Miguel Lopez de Hernandez, a housekeeper of the said hotel and likewise, a breadwinner of five children, was one of the unfortunate workers who was laid off from work. Since he’s the only one working for the family, he has nowhere to get an allowance except from his salary.
After knowing that he was dismissed from work, he immediately tried to look for another. However, he was not able to to do so because businesses are closing as well. Desperate enough, he contacted his friend, Diego de Francisco, who was also dismissed from the same hotel.
Miguel and Diego decided to rob a bank in Quincy Avenue After being all set, they met in front of the bank but after an hour of acting strange, police arrested them.
A piece of paper was found in Miguel’s wallet bearing the game plan of the two with regard to robbing the bank. They were brought to the police station and were charged conspiracy to commit robbery. Is the charge valid?
Can you be held criminally liable for mere conspiracy? What does conspiracy to commit a crime mean?
It is provided under Article 8 of the Penal Code1 that conspiracy and proposal to commit felony are punishable only in the cases in which the law specially provides a penalty therefor.
In this case, the law does not specially provide for penalty for conspiracy to commit robbery. Miguel and Diego are to be regarded as innocent because conspiracy to commit robbery is not punishable under the law. Their actions where only preparatory acts of actually committing the crime.
No one can be held criminally liable for mere conspiracy expect in cases where the law provides for a penalty thereof. If conspiracy is used only as a manner of incurring criminal liability and there is no actual doing of the crime planned of, the conspirators cannot be held liable.
If the conspirators are still on the stage of planning the execution of the crime and none of them has executed and personally taken part in the execution of the crime, they are still considered innocent until they actually commit the crime.
Exceptions
However, if the crime conspired of involves treason, rebellion, coup d’ etat or sedition, they are already liable for conspiracy. According to our criminal law, mere conspiracy of such crimes is punishable.

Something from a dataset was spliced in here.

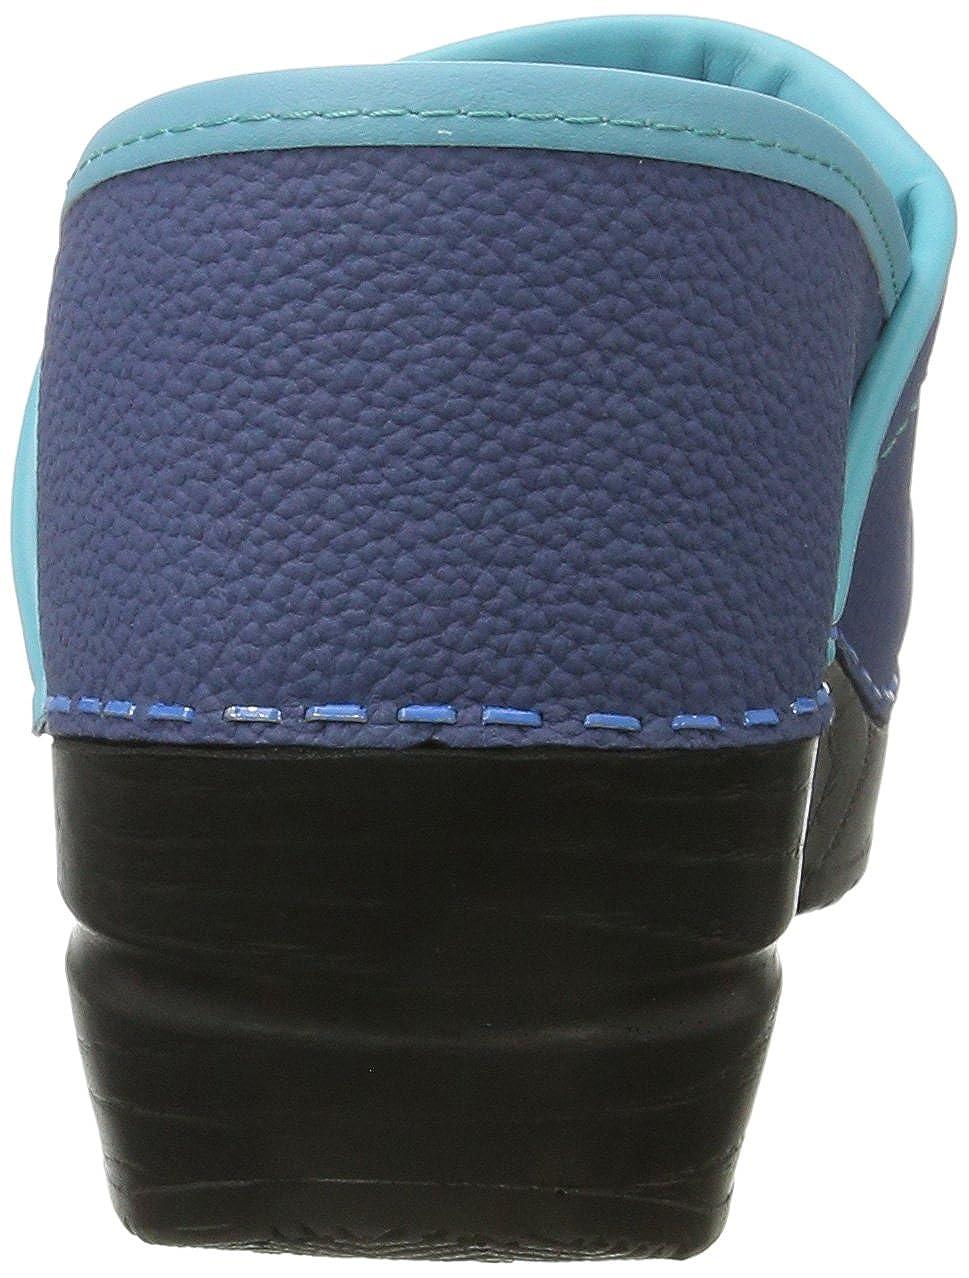 Electra closed 457216W-29 - Zuecos de cuero para mujer: Amazon.es: Zapatos y complementos

If the conspirators took a step forward and actually involved themselves in acts constituting treason, rebellion, coup d’ etat or sedition, they are no longer just liable for conspiracy.

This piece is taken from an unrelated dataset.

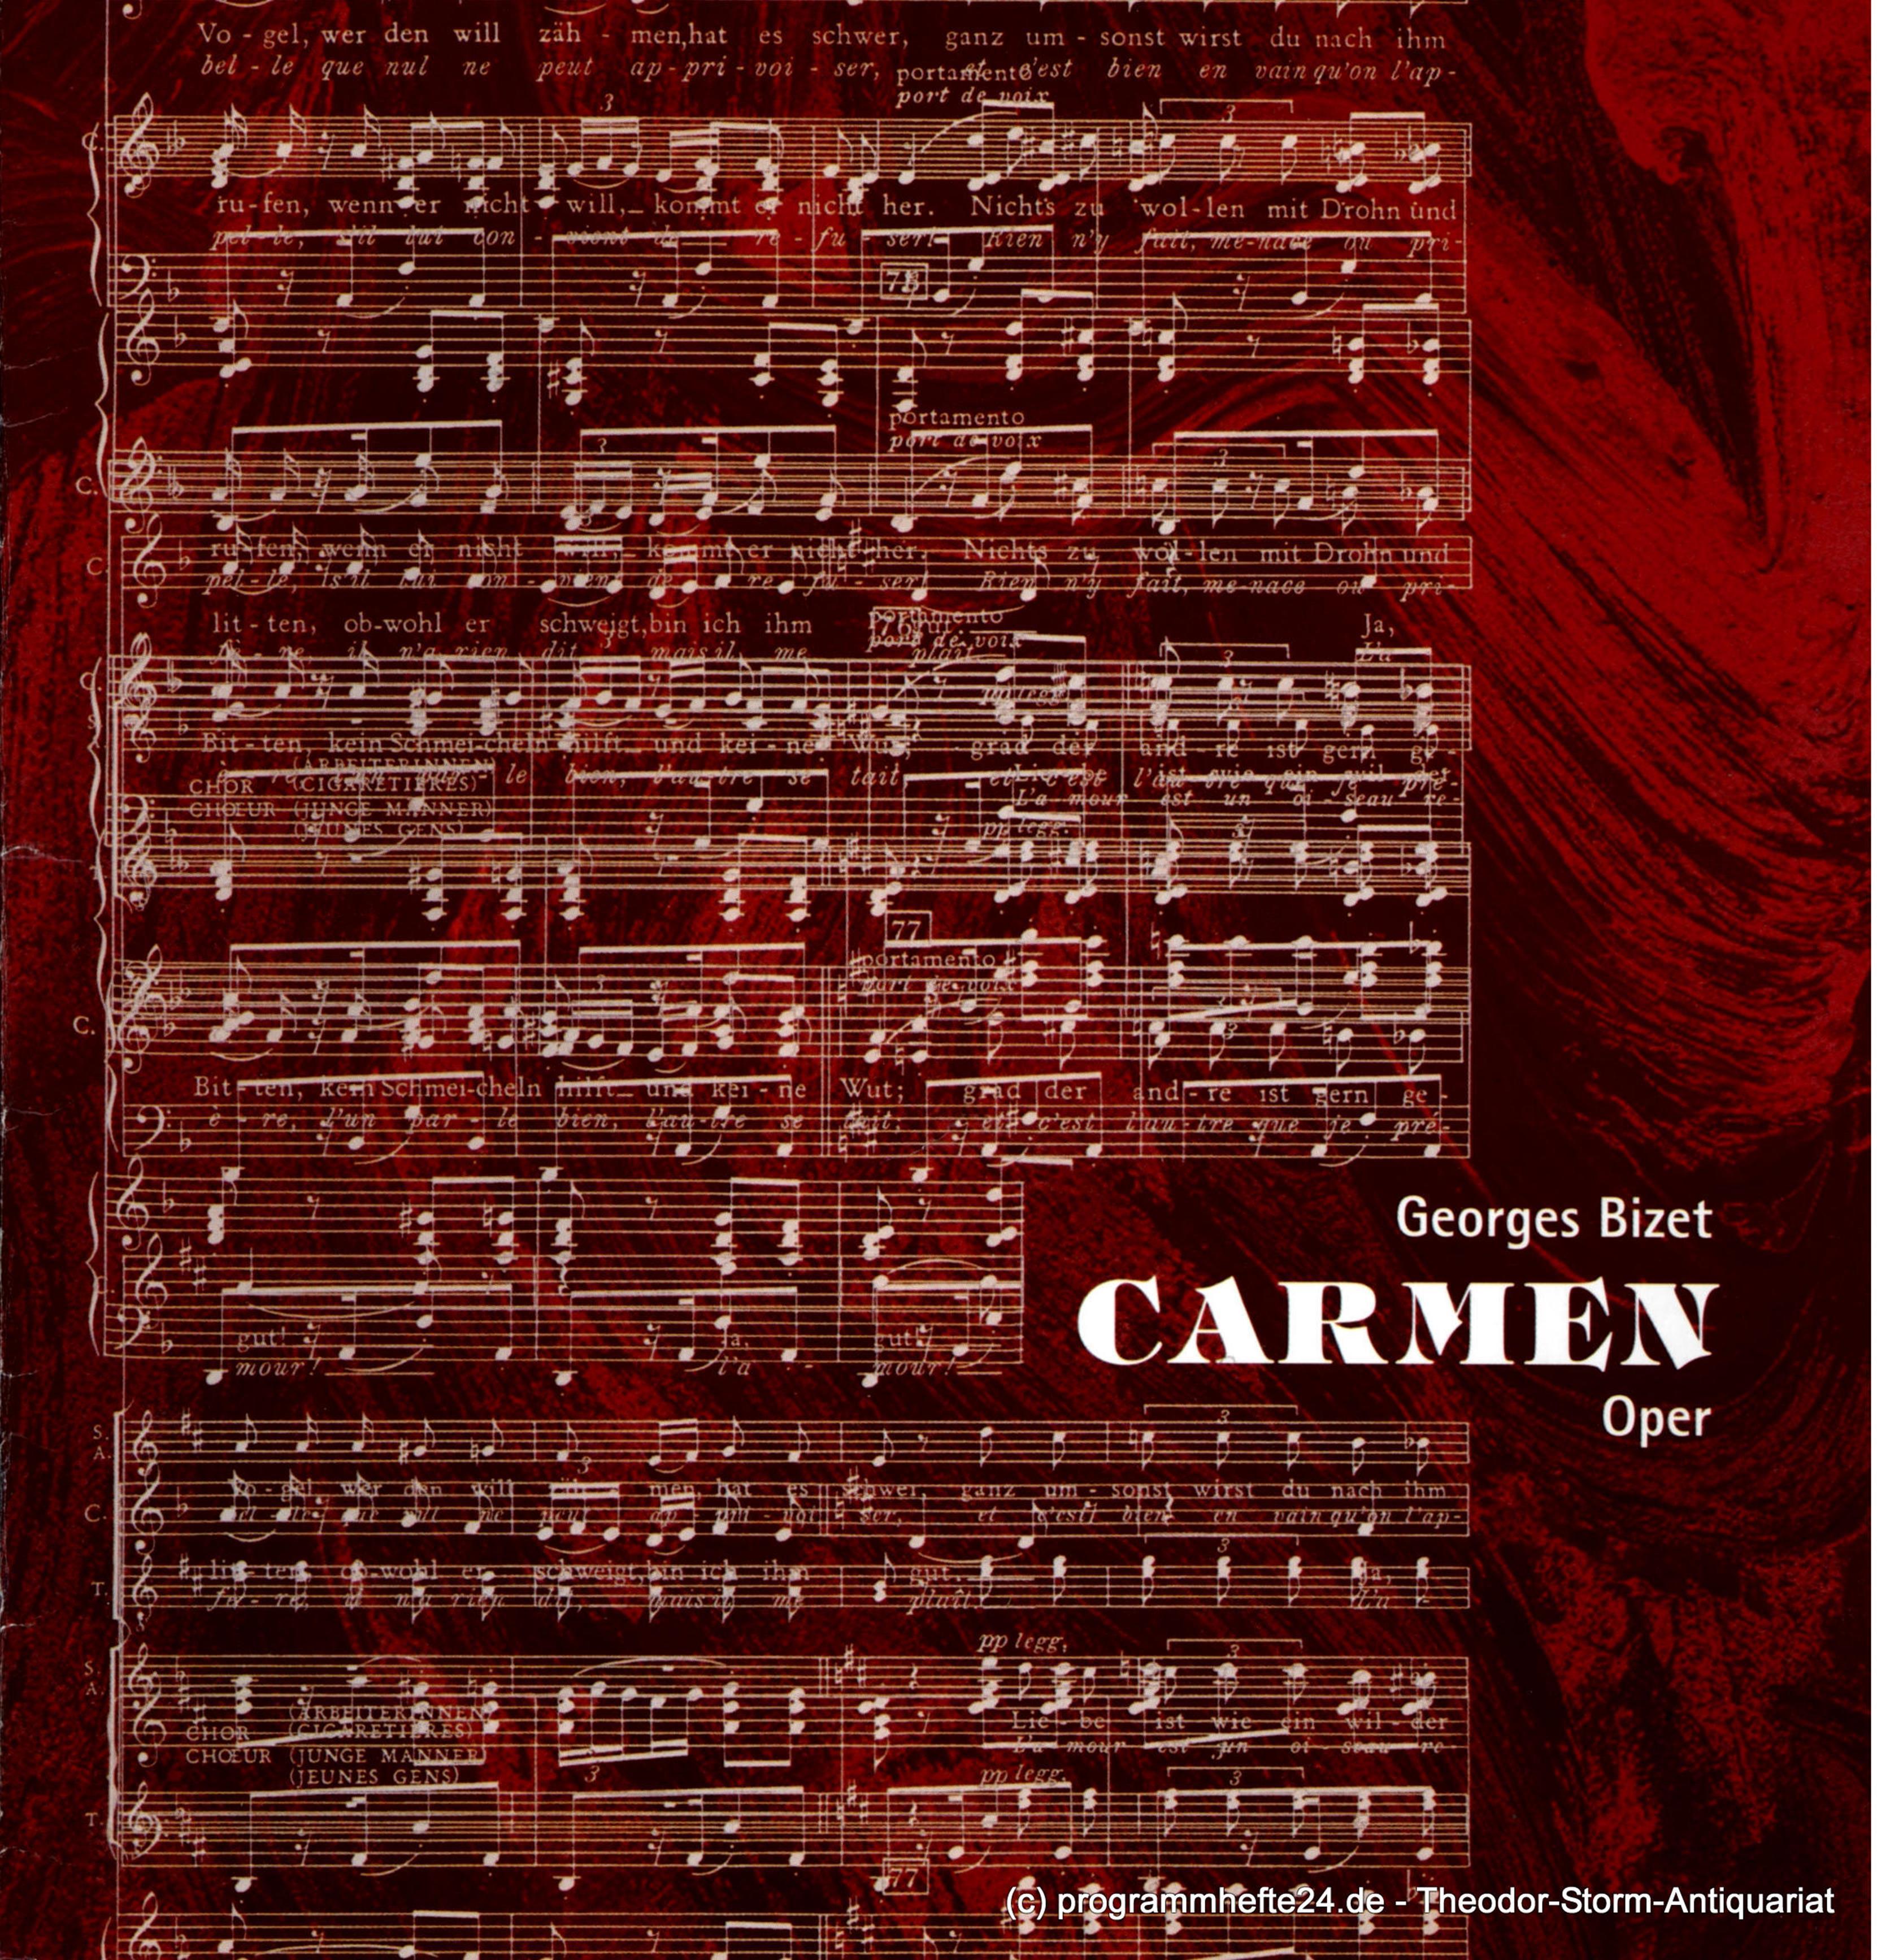 Programmheft CARMEN. Oper von Henri Meilhac und Ludovic Halevy. Premiere 17. / 2

Instead, all conspirators who carried out their plan and personally took part in its execution are equally liable for the crimes they committed, such as treason, rebellion or sedition, as the case may be. Here, the crime of conspiracy will be absorbed to the crimes they committed.
As a rule, mere conspiracy is not punishable. Nevertheless, if it involves crimes against external and internal security of the State, the law explicitly provides for their penalty, making mere conspiracy of such crimes punishable.

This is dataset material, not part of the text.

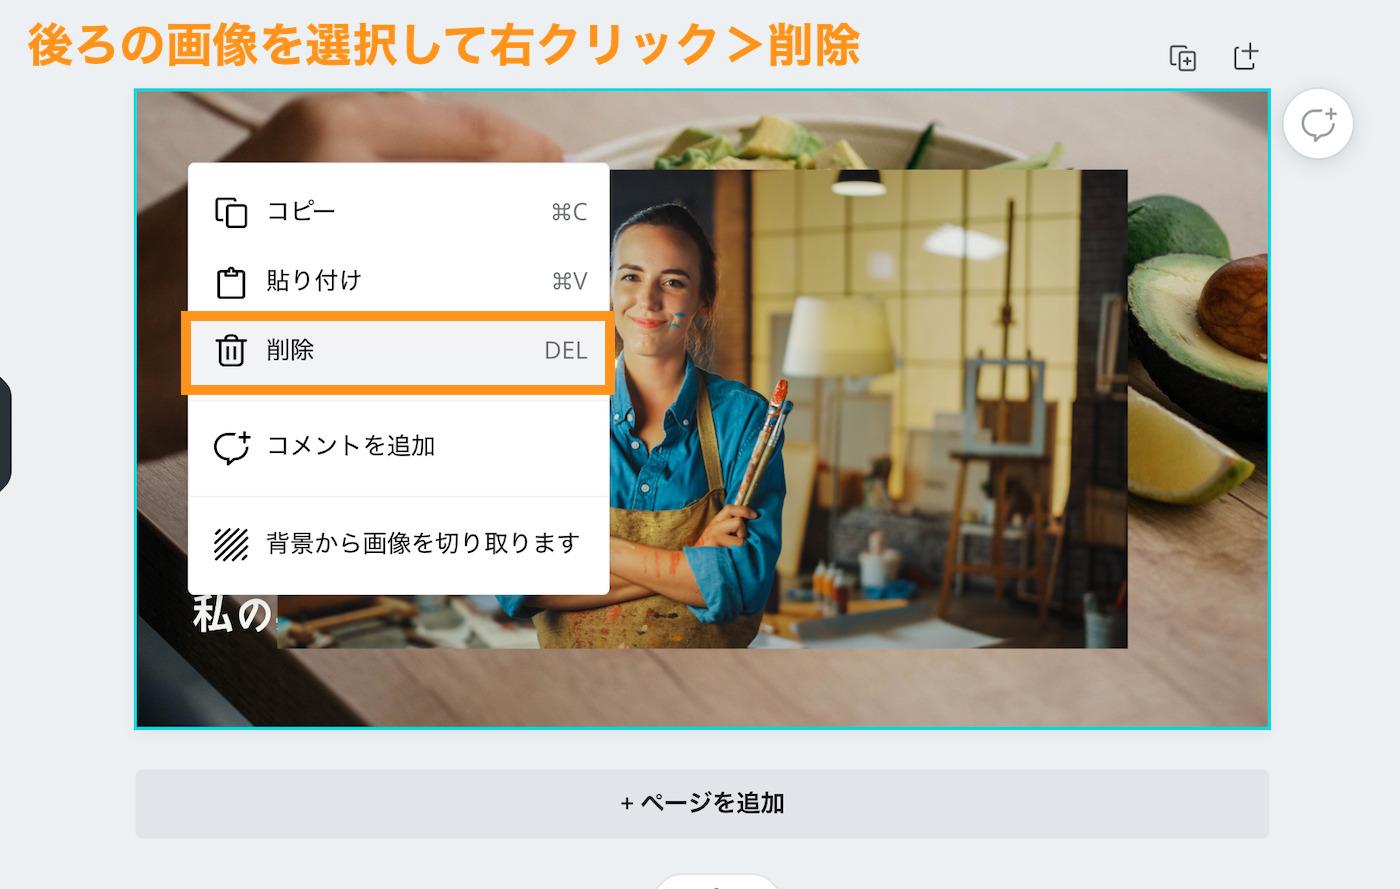 後ろの画像を選択(クリック)してから、右クリック>削除を選択

The reason behind this is that, in crimes against external and internal security of the State, if the culprit succeeds his plans, he will obtain power and subsequently, will relieve himself from the consequences he may have, as a culprit.
There are two provisions in the Penal Code2 which provides for a penalty for mere conspiracy. One of this conspiracy to commit treason.
There is conspiracy to commit treason under Article 115, if two or more persons come to an agreement to levy war against the Government or to adhere to the enemies and to give them aid or comfort, and they decide to commit it.
Another example is conspiracy and proposal to commit coup d’ etat, rebellion or insurrection.
Here, when two or more persons come to an agreement to swiftly attack or to rise publicly and take arms against the Government for any of the purposes of rebellion or insurrection and they decide to commit it, he or she may be held liable with this crime.
All of these crimes are punishable because the very existence of the State is endangered.
How do you determine conspiracy in the commission of crime?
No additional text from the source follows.